3. The effect of miR-146b In on acetylation of FOXO1 in differentiated 3T3-L1 cells. Total and Ac-FOXO1 was detected by Western blotting.

4. Ac-FOXO1/FOXO1 ratio was based on densitometric quantifications of Ac-FOXO1 and total FOXO1 levels on Western blots (n = 3). *p < 0.05 versus miR In CTL.

Figure 5. Silencing of miR-146b ameliorates obesity through upregulation of SIRT1

1. Knockdown of miR-146b by LNA-miR-146b antagomir (LNA-miR-146b) and the subsequent increase in SIRT1 expression were confirmed through qRT-PCR analysis in the epididymal fat tissue of obese C57BL/6J mice. Mice were intraperitoneally injected with 25 mg/kg/d LNA-miR-146b or LNA-scramble for 3 consecutive days and sacrificed 72 h after the last injection (n = 5). Values are means ± SEM. *p < 0.05 versus LNA-scramble.

2. The effect of miR-146b knockdown by LNA-miR-146b on FOXO1 acetylation. Total and Ac-FOXO1 was detected by Western blotting.

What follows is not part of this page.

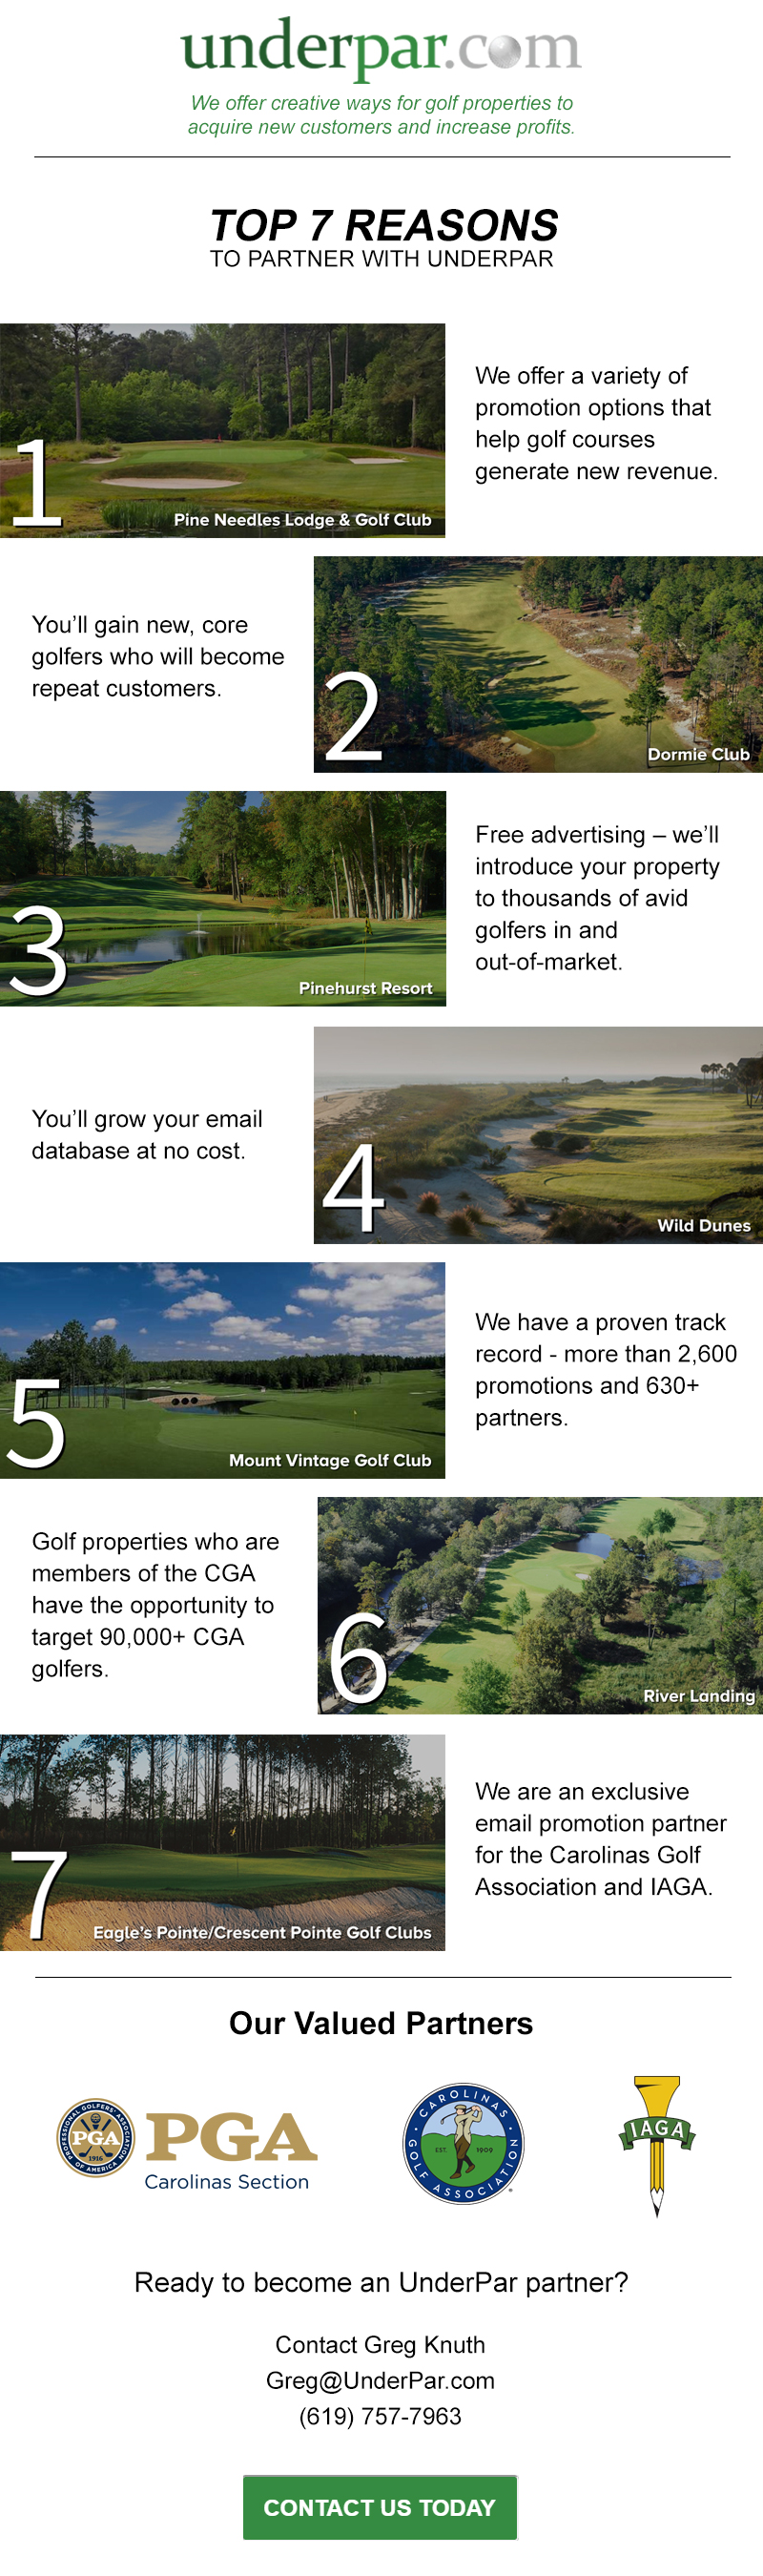 Top 7 Reasons To Partner With UnderPar

3. Knockdown of miR-146b by LNA-miR-146b induced weight loss in mice. Body weight was measured 72 h after the last injection (n = 5). Values are means ± SEM. ns, not significant; *p < 0.05, **p < 0.01.

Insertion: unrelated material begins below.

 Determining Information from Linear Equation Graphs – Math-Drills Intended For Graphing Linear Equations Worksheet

4. Knockdown of miR-146b by LNA-miR-146b reduced visceral fat volume. CT images were acquired from anaesthetized mice and analysed to calculate visceral fat mass (n = 5). Values are means ± SEM. ns, not significant; *p < 0.05, **p < 0.01.

5. Knockdown of miR-146b by LNA-miR-146b induced hypotrophy of white adipose tissues. Perirenal fat fads were stained with H&E (left), and the mean sizes of adipocytes were calculated (right) (n = 5). Scale bar = 100 µm. Values are means ± SEM. *p < 0.05 versus LNA-scramble.

6. Western blot analysis on adipogenesis-related markers of white adipose tissue from LNA-146b-injected mice. Expressions of C/EBPα, PPARγ, fatty acid synthase and AP2 of perirenal fat tissues were measured. β-actin was used as a loading control.

Figure 6. Schematic representation of the pro-adipogenic effect of miR-146b

Adipogenic stimuli induce expression of miR-146b. Increased miR-146b binds directly to SIRT1 and downregulates SIRT1 expression. SIRT1 downregulation reduces deacetylation of FOXO1. As a result, FOXO1-mediated inhibition of PPARγ transcription is diminished and adipocyte differentiation is stimulated.